# The most amazing screensaver you ever had ?



## lZKoce (Jan 7, 2016)

Do you use a screensaver ? Do they even make new one's ? I haven't used one in ages . Is it even necessary with PLS, IPS , High- performance IPS , OLED, etc displays ?


----------



## R-T-B (Jan 7, 2016)

It was necessary for my 2008 42" Panasonic plasma screen in 2015.  I had to sell it though.

Plasma screens despite having near CRT grade performance, suffer from burn in if left stationary for even 30 minutes.

That said, I just used some crappy built in Windows one.


----------



## lZKoce (Jan 7, 2016)

R-T-B said:


> That said, I just used some crappy built in Windows one.
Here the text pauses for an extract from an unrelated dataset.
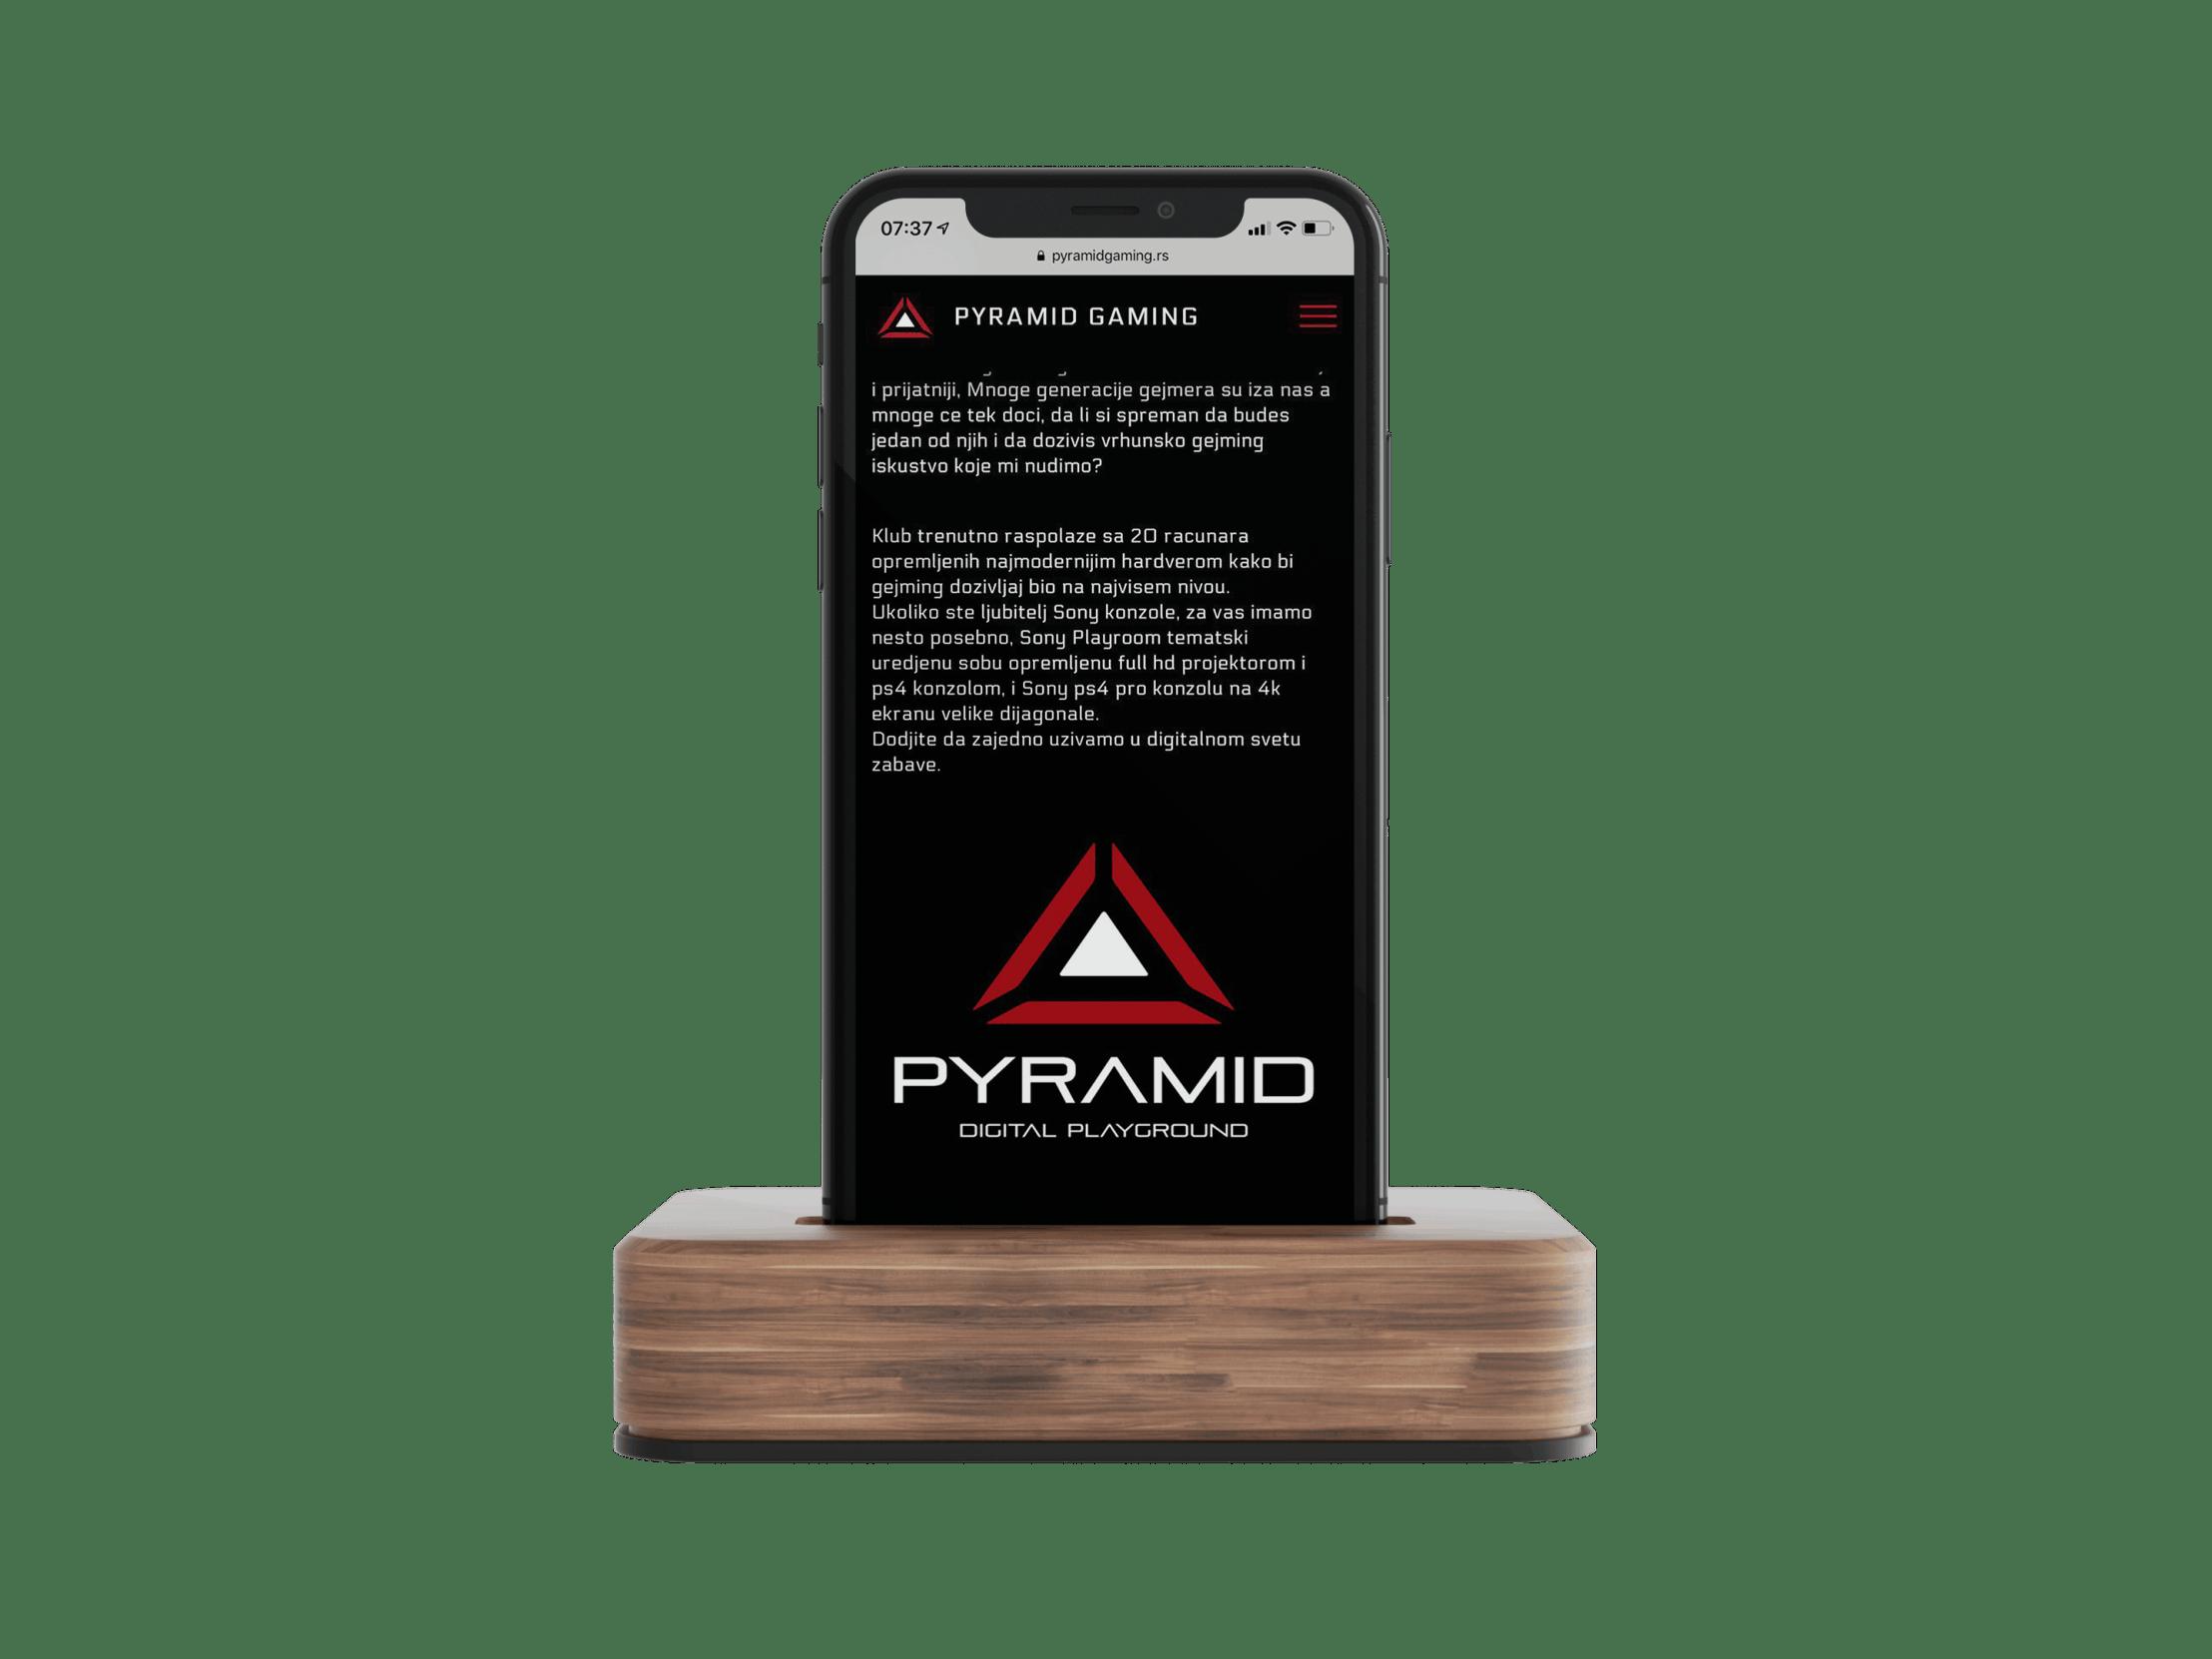 Pyramid Gaming

Me too. The last custom screensaver I used was based on a Chronicles of Riddick theme for Win 7. Before that all I remember was the Nvidia screensavers on their fan section of the site


----------



## AsRock (Jan 7, 2016)

Not used one for over 16 years now, how ever you may like this http://steamcommunity.com/sharedfiles/filedetails/?id=572005235


----------



## NdMk2o1o (Jan 8, 2016)

Digital Blasphemy used to be a favourite haunt of mind for wallpapers and screensavers back in the 90's/00's when they were all the rage... now I lock my session and turn the monitor off 

The sites still going now, still looks like some old skool 2000's website 

My current desktop with a DB wallpaper..


----------



## 95Viper (Jan 8, 2016)

The Windows 10 built in one... love those pipes


----------



## Disparia (Jan 8, 2016)

You can still find new ones, mostly cosmetic use though as it would take awhile to burn a modern screen. Some kiosks will use screen savers to grab attention.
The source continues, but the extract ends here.